The doctor came in the next day or the day after or whenever it was. I asked him what happened? He said " Acute appendicitis"
He had to cut my whole belly open, not just one of those little incisions, They had a tube stuck in me pumping green stuff out of me for almost 2 weeks.
So when it was time to get out of the hospital, she came and got me and drop me off back at the house. It was even hotter and more miserable in that house by then. No air-conditioner and all... So the windows are open and I have a fan blowing on me I'm just laying on the bed I guess I was watching TV I don't remember that part, The same day I got out I started hearing the ice cream truck coming down the road.
Man I could sure use some Popsicles right now... So I went to the backyard and got that bicycle again and Chase that truck down, got my popsicles and went home. I felt like dying once I finally got inside. Wouldn't you know it? She shows up about that time. She walked in the room looked at me and said "You're white as a ghost, what did you do? I told her and she was furious! she scolded me and then left. I deserve that...
She came back a few days later and had a proposition for me. She said she had arranged that I move in a halfway house for a couple of months, let me decide what I want to do and if I wanted to make another try have it then I can move back in the show called the divorce off. I really have no other options anyway so I said yes let's do that.

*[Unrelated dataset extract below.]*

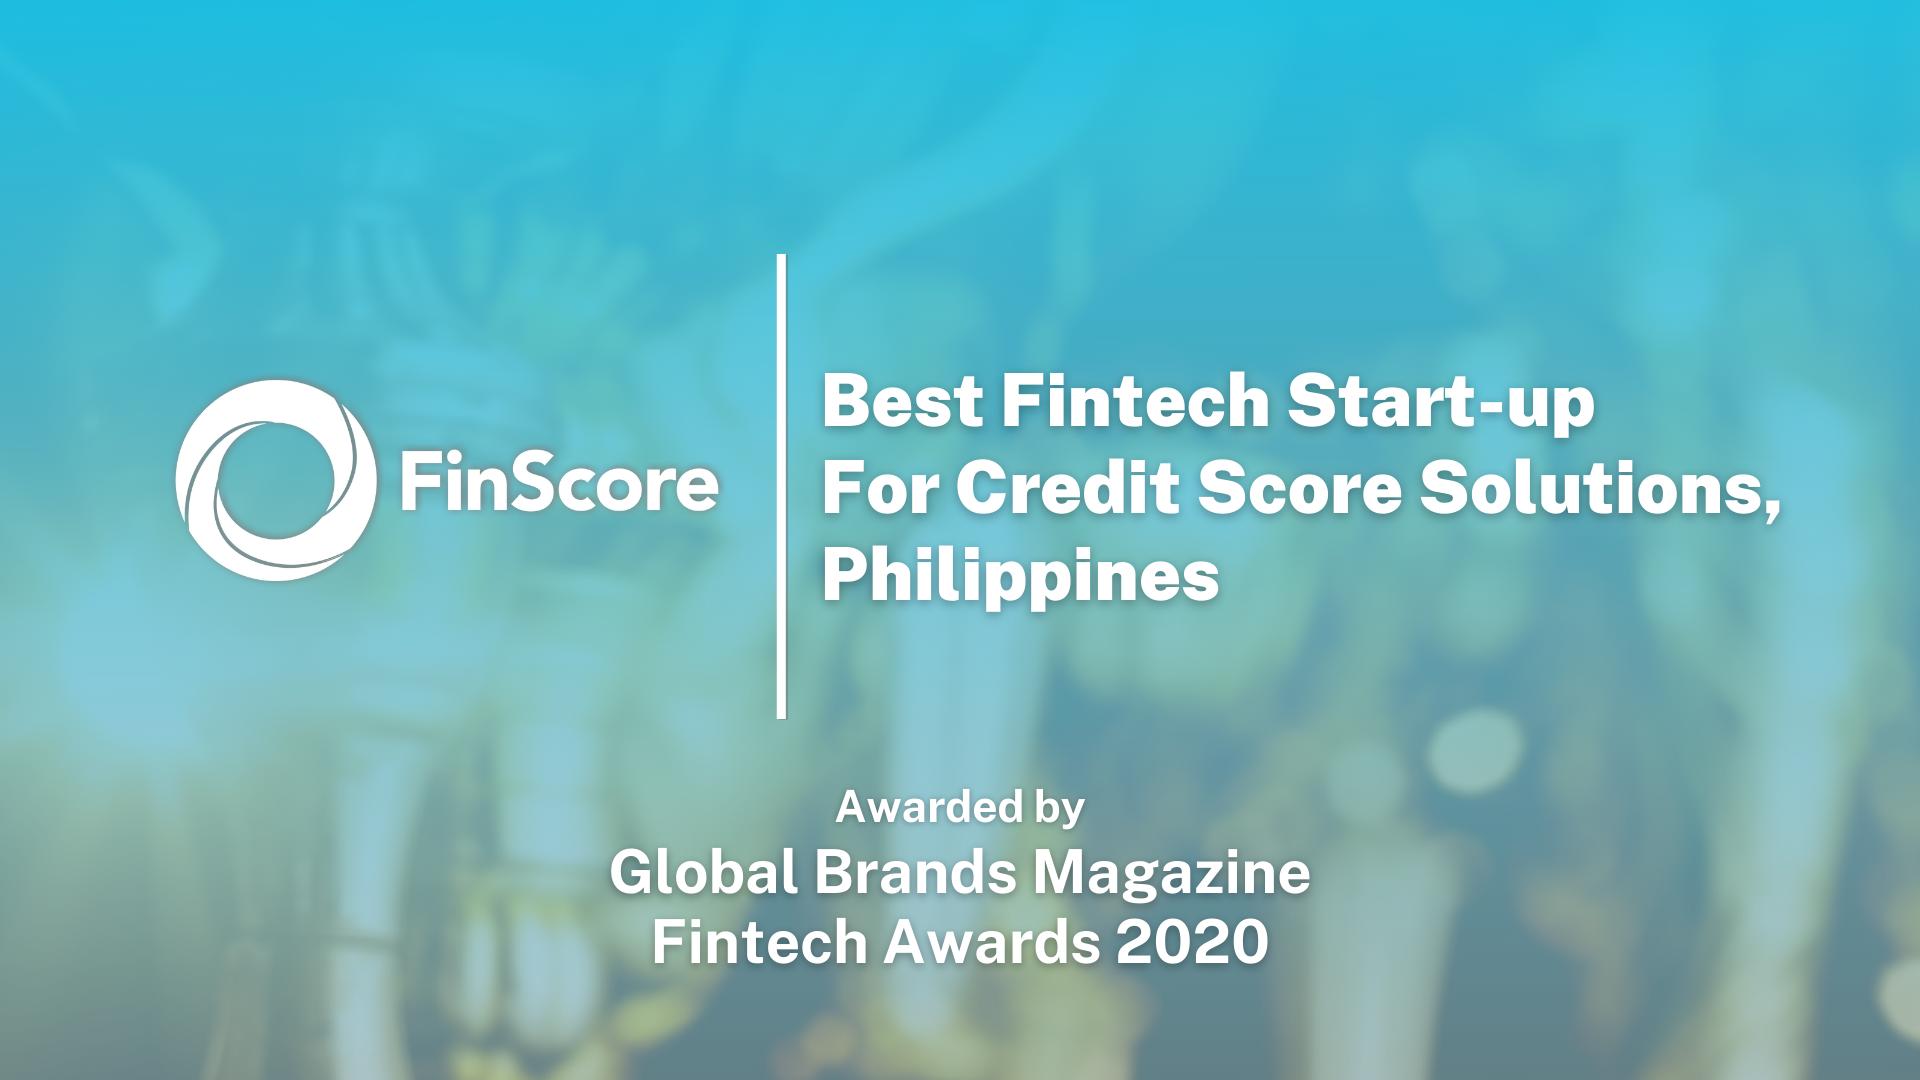 Global Brands Magazine Awards FinScore as Best Fintech Start-up for Credit Score Philippines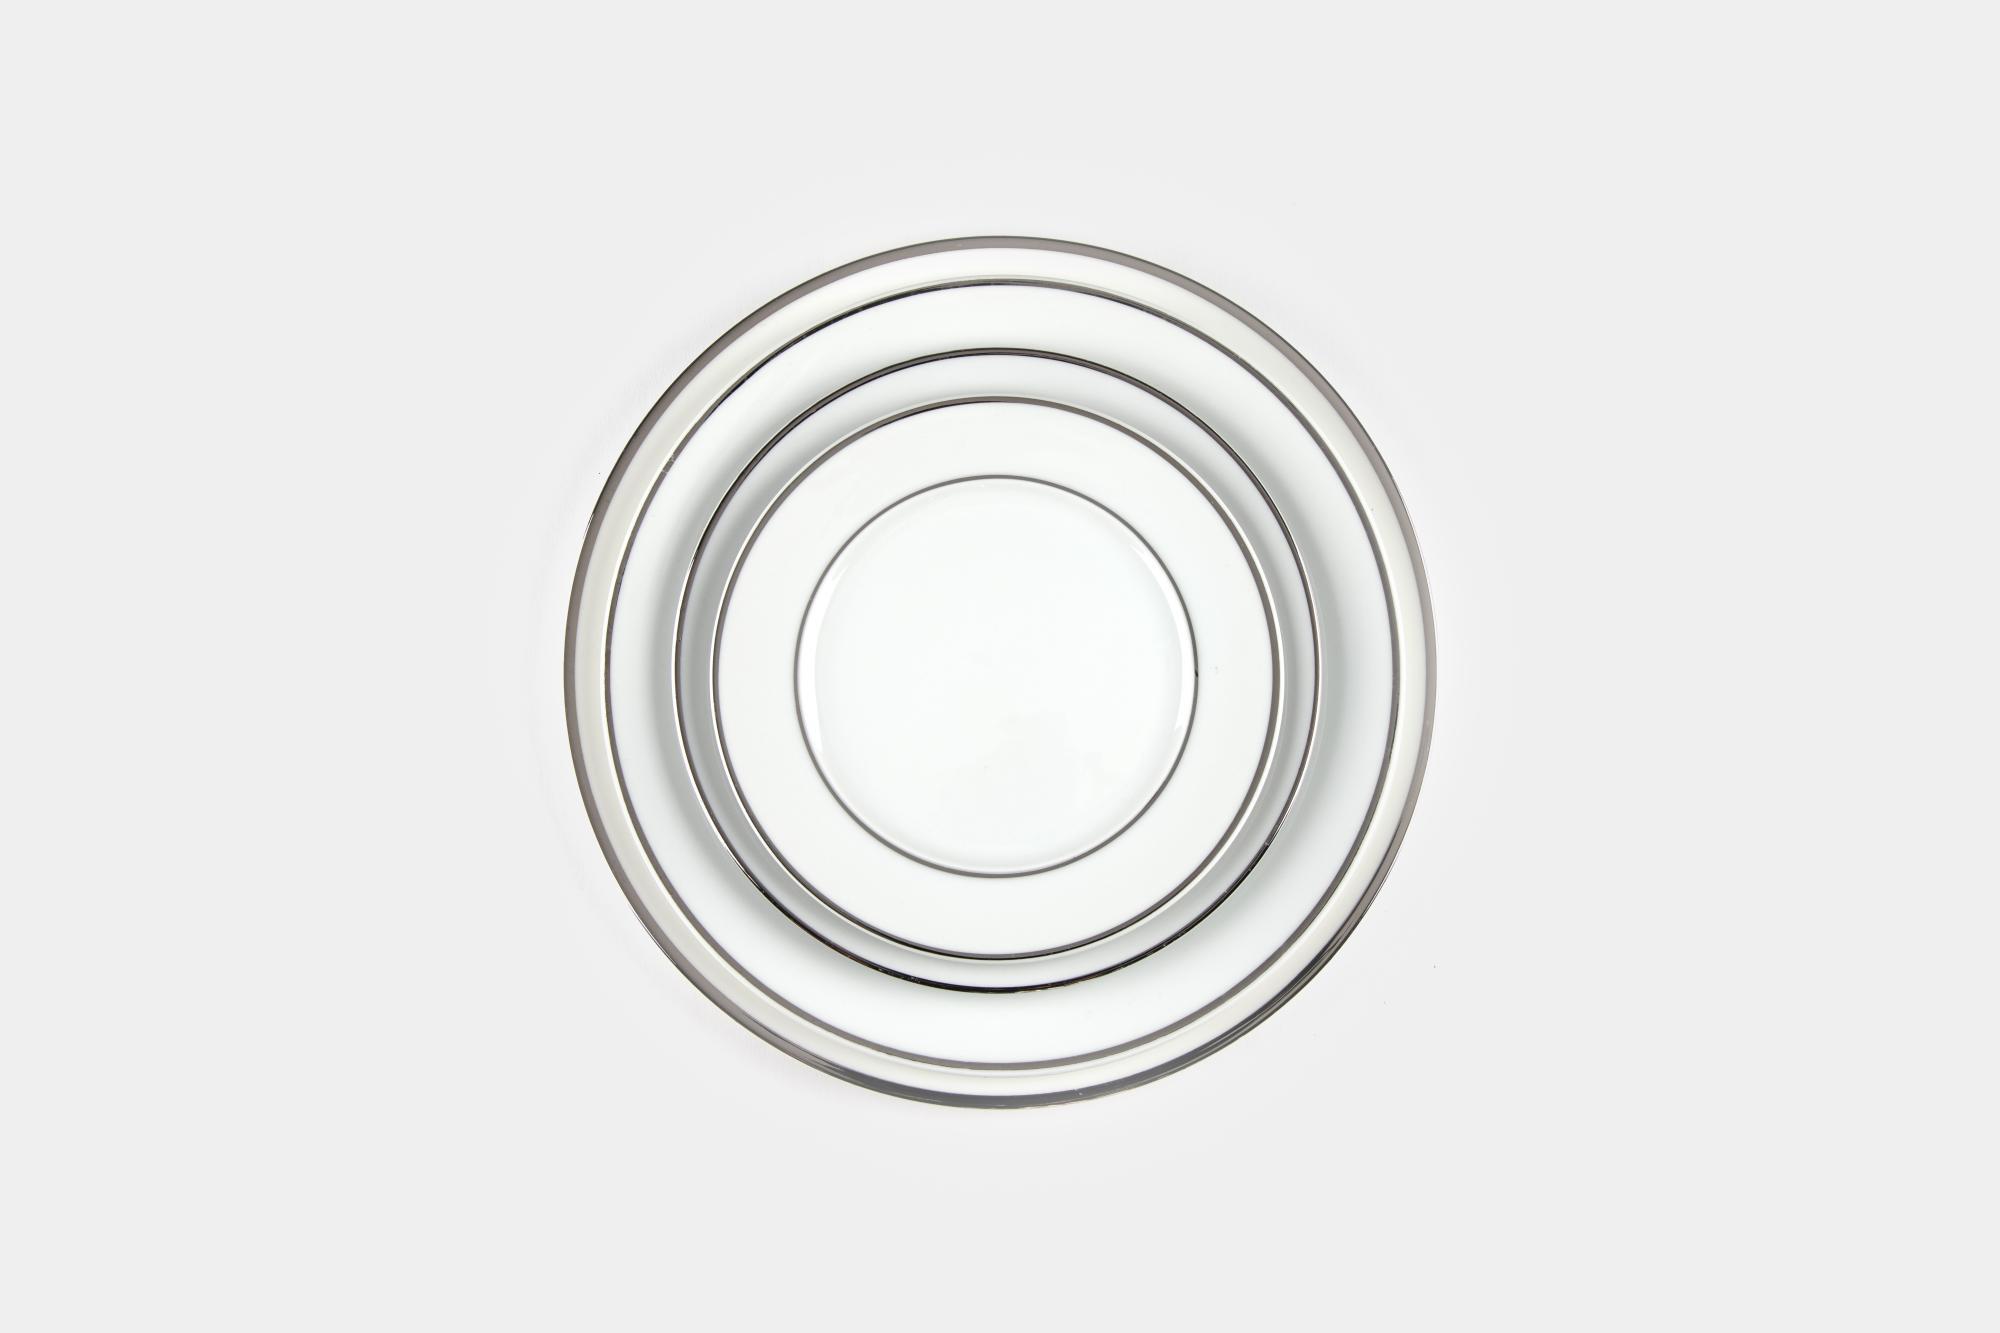 Ionia plate set - Image 1

I wasn't really hooked on any kind of ds or drinking or anything so I don't know what she told them. But it any rate the time that I spent there I decided to read the Bible that she'd been talking about since we got together. So I started in Genesis and read all the way through Revelation, I don't know if I ever even told her I did that, but for sure, God!...
I moved back home after 45 days At tat place on First and Hubbard and she was already moved back in. And we stayed together and did that for a couple of months.
We went to those three different churches all at the same time, she was searching for God, but I still hated going to church and that stuff.Then things were happening in her body, and she knew it, though I really never had a clue. Now after almost 30 years, I realize she was trying to tell me but I just didnt comprehend the seriousness of it.
It was determined that she was out of remission again. Another round of chemotherapy and a few radiation treatments.
But things did not improve.... I took her to see fireworks on the forth of July... But rain so they canceled them. But earlier that day we had our picture taken with the some of the fore fathers, and she was beaming.
When she died there I was left completely alone_
That was the end of another chapter of my life, but the beginning of the next.
What, other than God, could've put up a barricade so definite as THAT?
He directed me to Christine way back in 1979. It was her that laid little crumbs out for me to pick up on all along the way. She moved here to Jacksonville to take care of her dying mother in 1983, I soon followed after. We were married July 28 1984... I buried her July 28 1987. From there I followed the crumbs he allowed me to find right to the front door of The Jacksonville Assembly of the Body of Jesus Christ...
The place that introduced me, to the entrance to know His Way... Where I can have purpose, meaning, life, joy and peace even more abundantly...I do know now, it IS attainable!